Ketika seseorang melanggar aturan, tentu ada konsekuensi yang harus dihadapi. Dua jenis sanksi yang sering muncul dalam kehidupan bermasyarakat adalah sanksi sosial dan sanksi psikologis. Meski tidak seketat hukum formal, keduanya punya dampak cukup besar terhadap kehidupan seseorang.

Sanksi sosial muncul dari lingkungan sekitar sebagai bentuk tanggapan terhadap perilaku yang dianggap menyimpang. Misalnya, seseorang yang sering berbohong bisa saja dijauhi teman-temannya, atau orang yang tidak taat aturan di lingkungan RT bisa mendapat teguran atau dikucilkan dari kegiatan sosial. Ini bukan hukuman resmi, tapi tekanan dari masyarakat bisa membuat pelaku sadar akan kesalahannya.

Sedangkan sanksi psikologis lebih menyentuh pada aspek batin atau perasaan seseorang. Ketika seseorang melakukan kesalahan, ia bisa merasakan rasa bersalah, cemas, atau malu. Misalnya, anak yang membuang sampah sembarangan lalu disadarkan oleh temannya, bisa merasa malu dan menyesal.
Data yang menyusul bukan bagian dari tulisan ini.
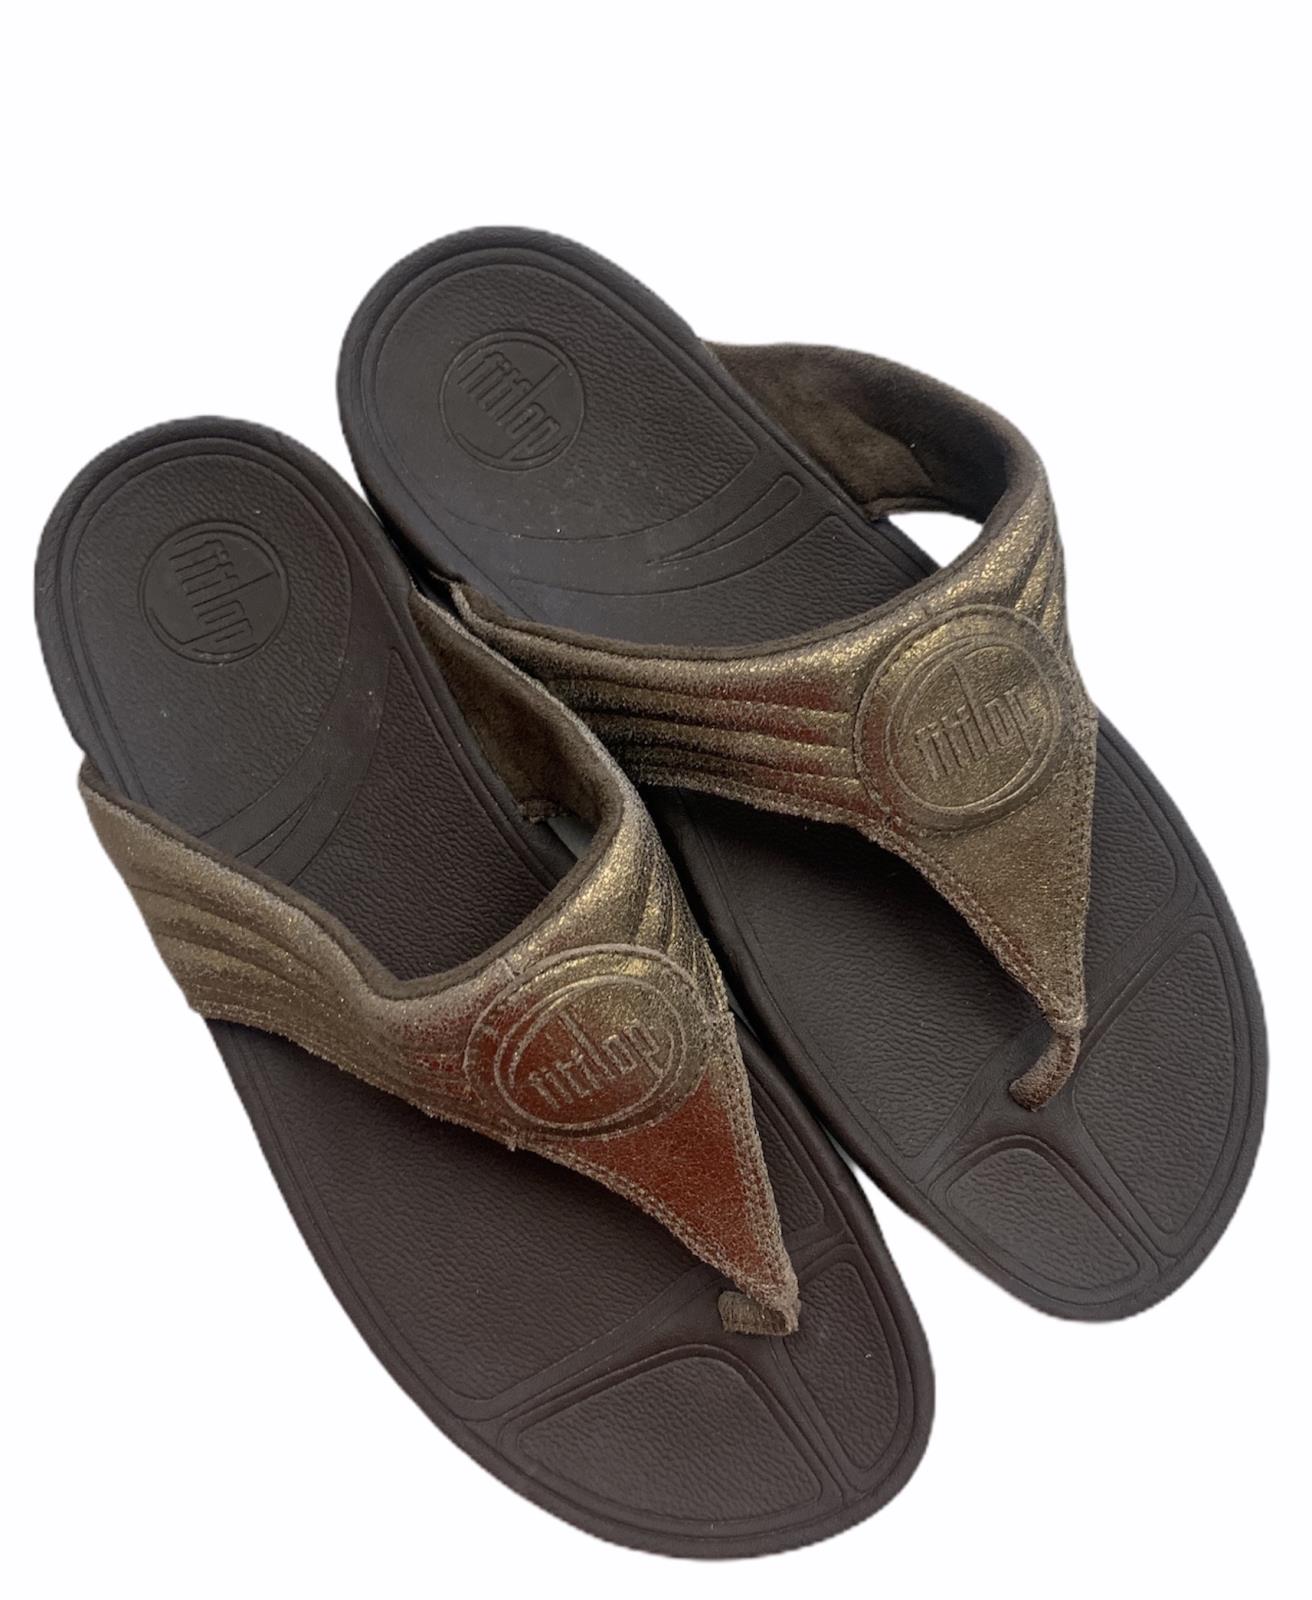 FitFlop Walkstar Bronze Flip Flop Slip on Sandals Size 11 US | eBay

Perasaan inilah yang disebut sanksi psikologis—hukuman dari dalam diri yang muncul karena kesadaran akan perbuatan salah.
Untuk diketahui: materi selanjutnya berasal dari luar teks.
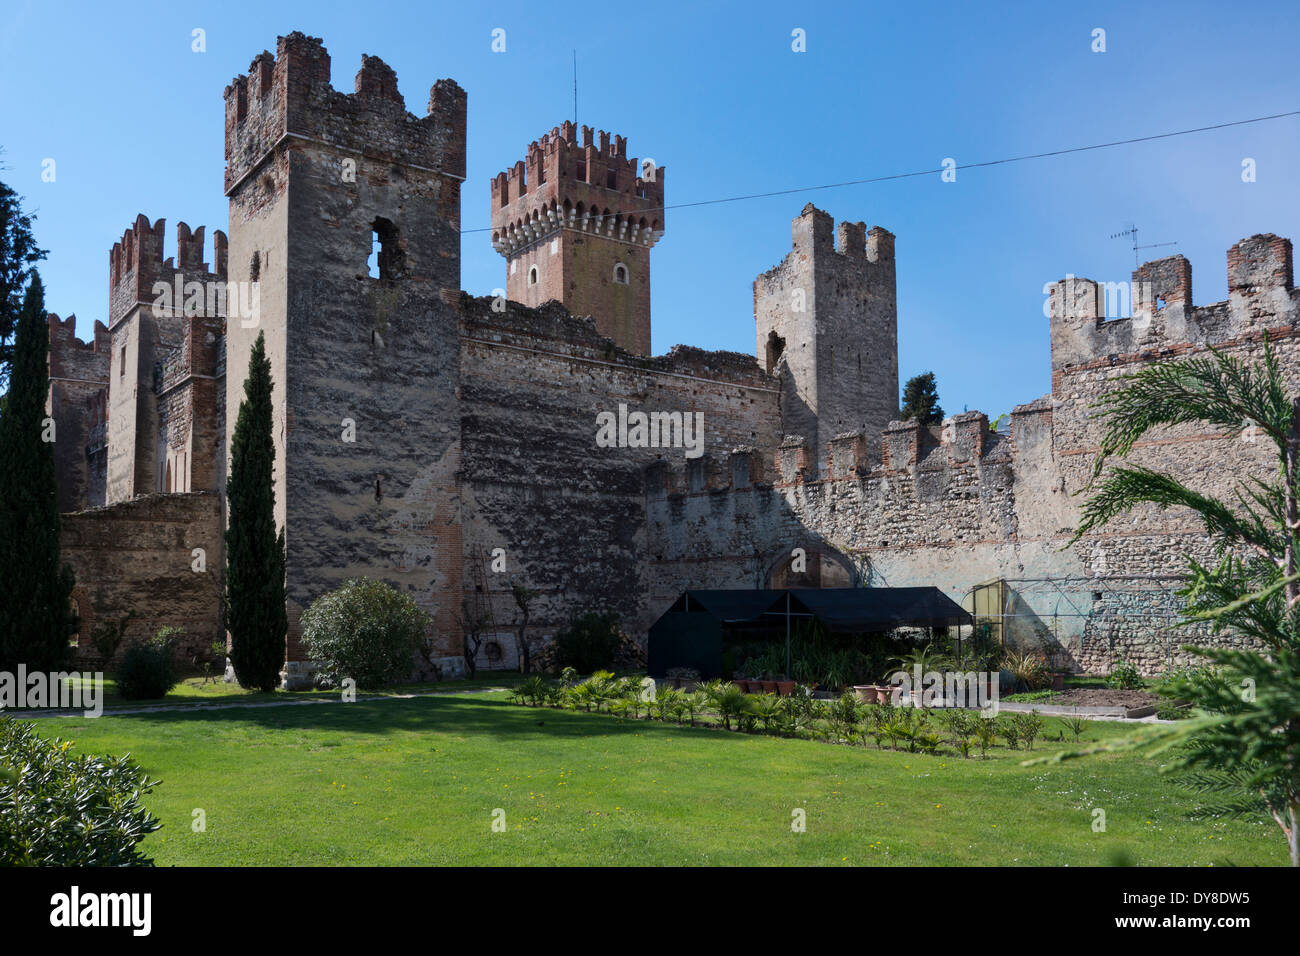 Castello Scaligero, sirmione, lac de Garde, Italie, Europe Banque D'Images

Berbeda dengan sanksi hukum yang bersifat paksa dan formal—seperti dipenjara karena mencuri—sanksi sosial dan psikologis lebih halus namun tetap efektif dalam membentuk perilaku yang lebih baik. Keduanya mengandalkan kesadaran kolektif dan nurani, yang sering kali lebih kuat daripada ancaman hukuman fisik.

Dengan demikian, baik masyarakat maupun diri sendiri punya peran penting dalam menjaga nilai dan norma melalui sanksi-sanksi ini.